Probably a dumb question, but setting up a reverse proxy wouldn’t help me in this situation right? - or is that what this is?: “Since I switched to an AWS server as an nginx front end, I have had 0 issues with remote access.”
It’s quite advanced and a pain to setup an AWS server. I have a VPN connect outbound from my PC to the AWS server, so as far as Spectrum is concerned, it another outbound connection so no interference from them. If the ISP is blocking the connection, nginx would resolve the issue.
Are you 100% sure that port forwarding is enabled on your router and still as the correct ports and IP address? I did have an update to my router OS drop the port forwarding. Do you use an ISP supplied router or your own?

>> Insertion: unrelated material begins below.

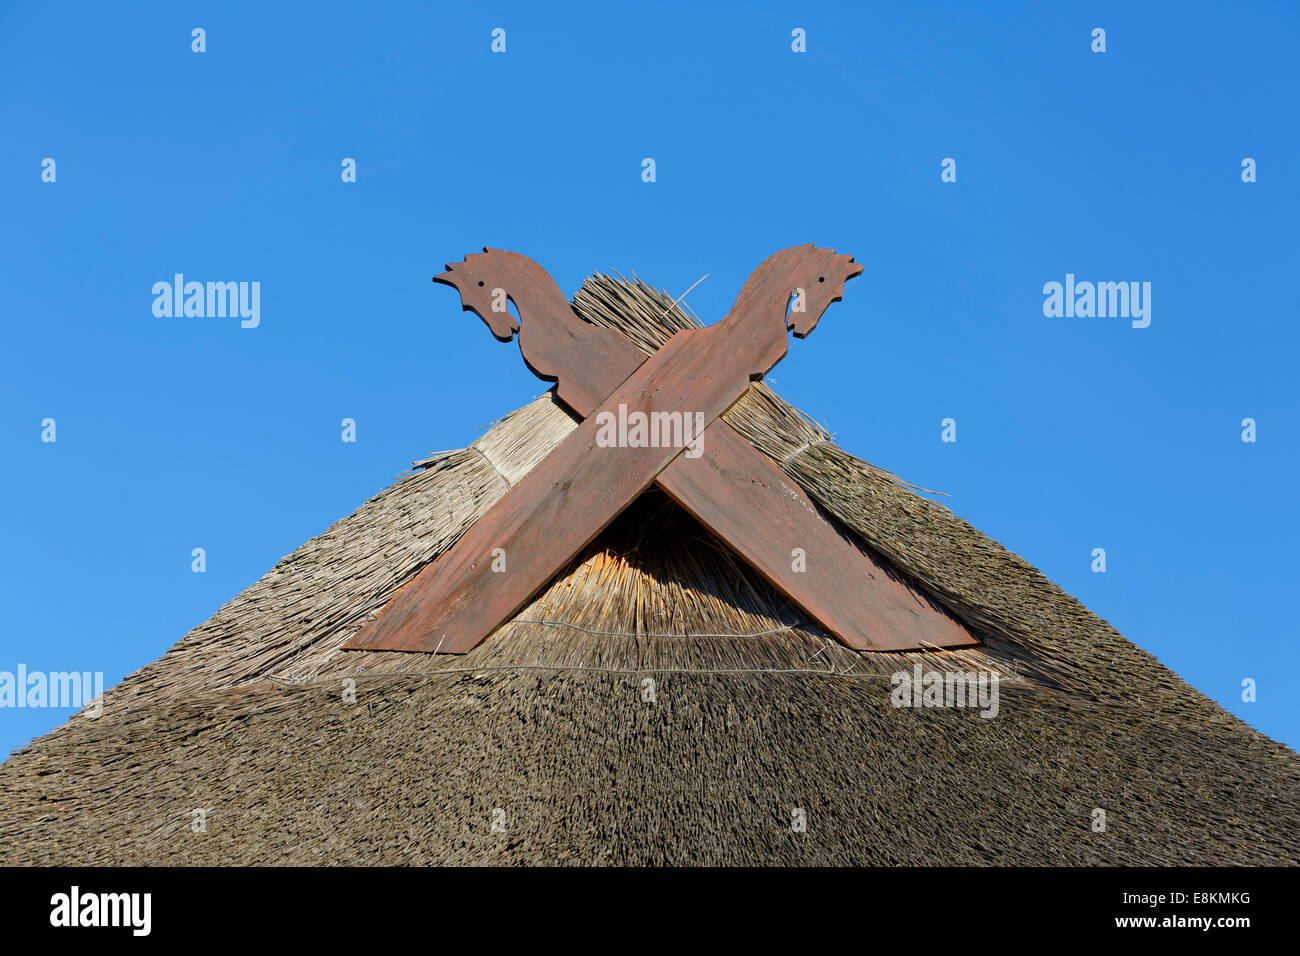 Thatched roof, horse heads or Muulapen as with gable adornment, Ahrenshoop, Darß, Mecklenburg-Vorpommern, Germany Stock Photo

I’m using my own, it’s a Flint 3. Unless I’m missing something there isn’t much to it: Port Forwarding - GL.iNet Router Docs 4 (my PMS is at 192.168.1.100 internally, I also set up a quick ubuntu server, turned on ssh server, and tried opening it up to external port 22000 and canyouseeme.org also showed that as not opened):
The only kind of odd thing is that while the IPs on my PMS remote access page and the one on canyouseeme.org match (as well as whatismyipaddress.com) - the IP of the gateway on my router is different - but I assume that is just due to NAT and the gateway address I’m seeing on the router is the just the internal address at the ISP and it should be like that. My public IP reports as a 149.x.x.x and the one shown on my router for the gateway is a 100.x.x.x
That makes me think that your ISP has got you behind another NAT. That is kind of out of my expertise. If that is the case, it would need an open port on their system that fowards to your 100.x.x.x address.
I know companies are running out of IP4 addresses, so maybe that is what is happening. Might be something you can ask your ISP.
If that is the case and they can’t (or won’t) forward to your address, then the only thing I can think of would be to spin up nginx on an external server.